What converts reveal that equities don't
Convertible bonds in 13F filings offer a view that pure equity data misses. When a manager holds a company's convertible note instead of — or alongside — its stock, it signals something about risk appetite. The bondholder gets downside protection through the debt floor, periodic coupon income (when there is one), and retains upside through the conversion option. It's a different bet than buying the stock outright.
The current landscape suggests a few things worth watching. The convertible market is becoming more specialized — fewer managers participating, but those who do are taking larger positions. New issuance is being shaped by specific structural needs: crypto companies funding Bitcoin treasuries, energy companies funding AI infrastructure, and SaaS companies refinancing at lower coupons. And as the pandemic-era vintage matures, the composition of what shows up in 13F filings is shifting toward this newer, more intentional cohort of issuers.

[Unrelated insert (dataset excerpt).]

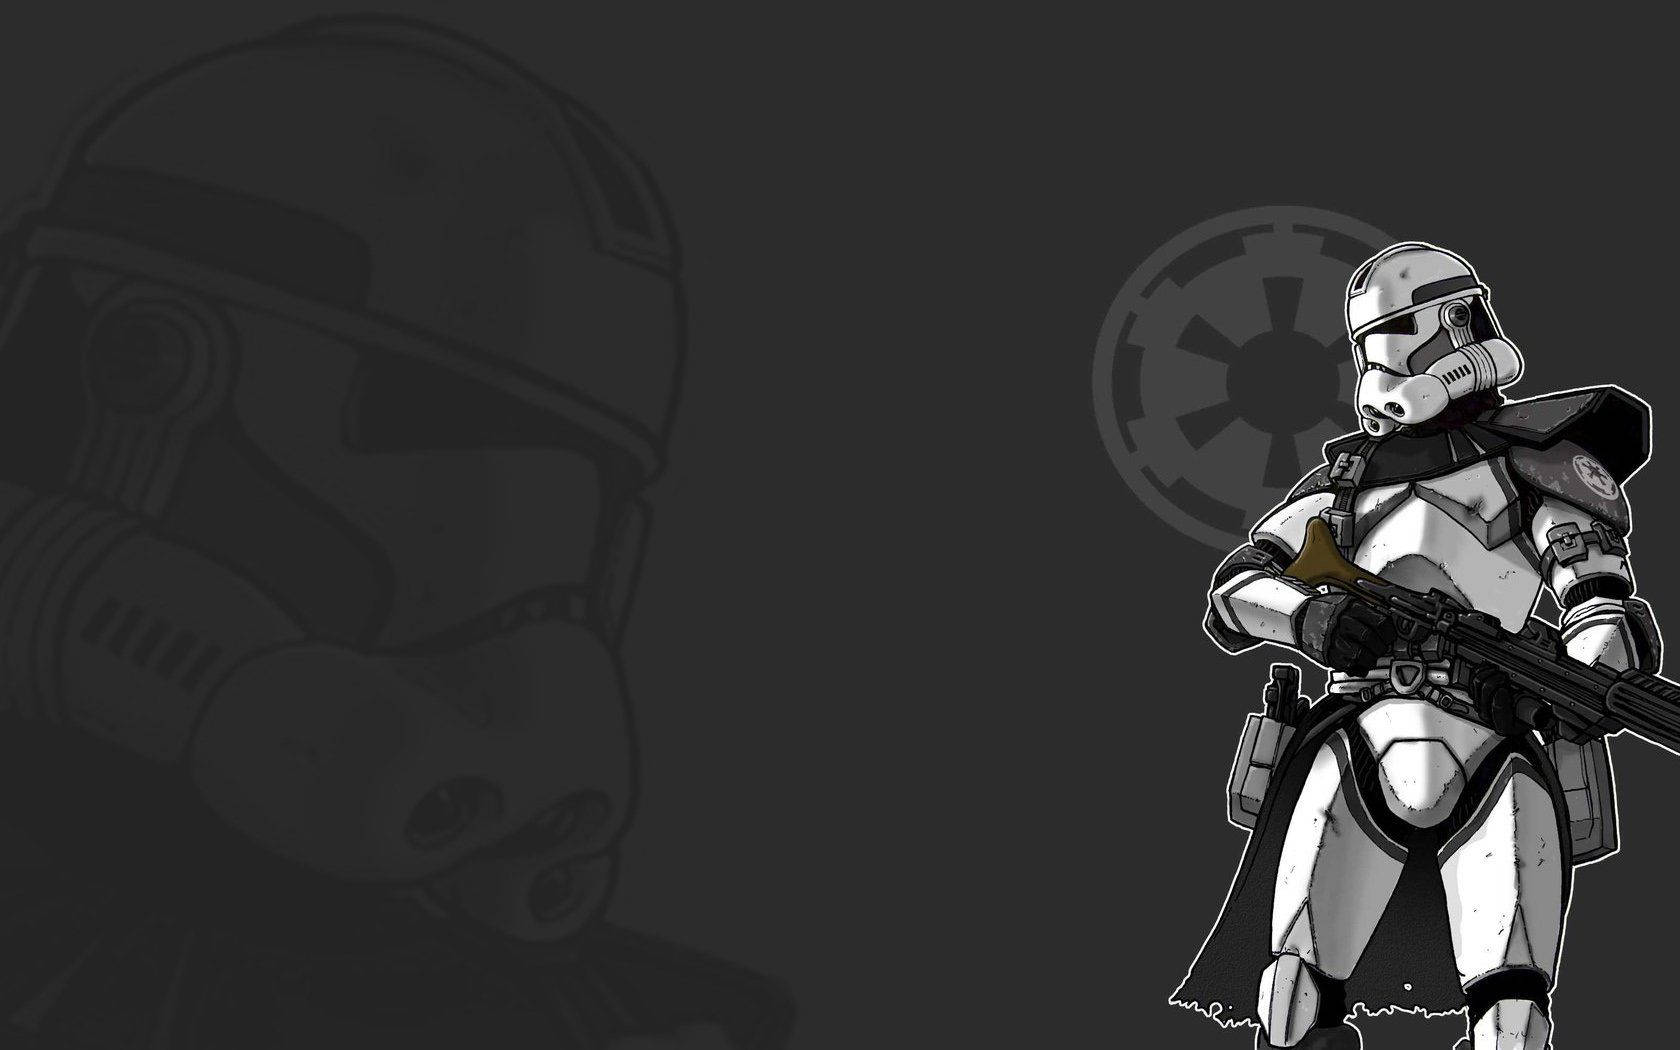 Stormtrooper Watermark Cover Background

Explore Ownership ChangesNotes
Data is drawn from 13F filings covering Q4 2022 through Q4 2025 (report dates December 31 of each year, with interim quarters where noted). 13F filings require disclosure of convertible bonds due to their embedded equity optionality — straight corporate bonds and government debt are generally not included. The "debt" classification in 13F filings is effectively synonymous with convertible bonds. Total US convertible bond issuance reached approximately $109 billion in 2025, a record. Individual security positions, including convertible bonds, are available through the security pages and quarterly ownership changes on FilingFrog.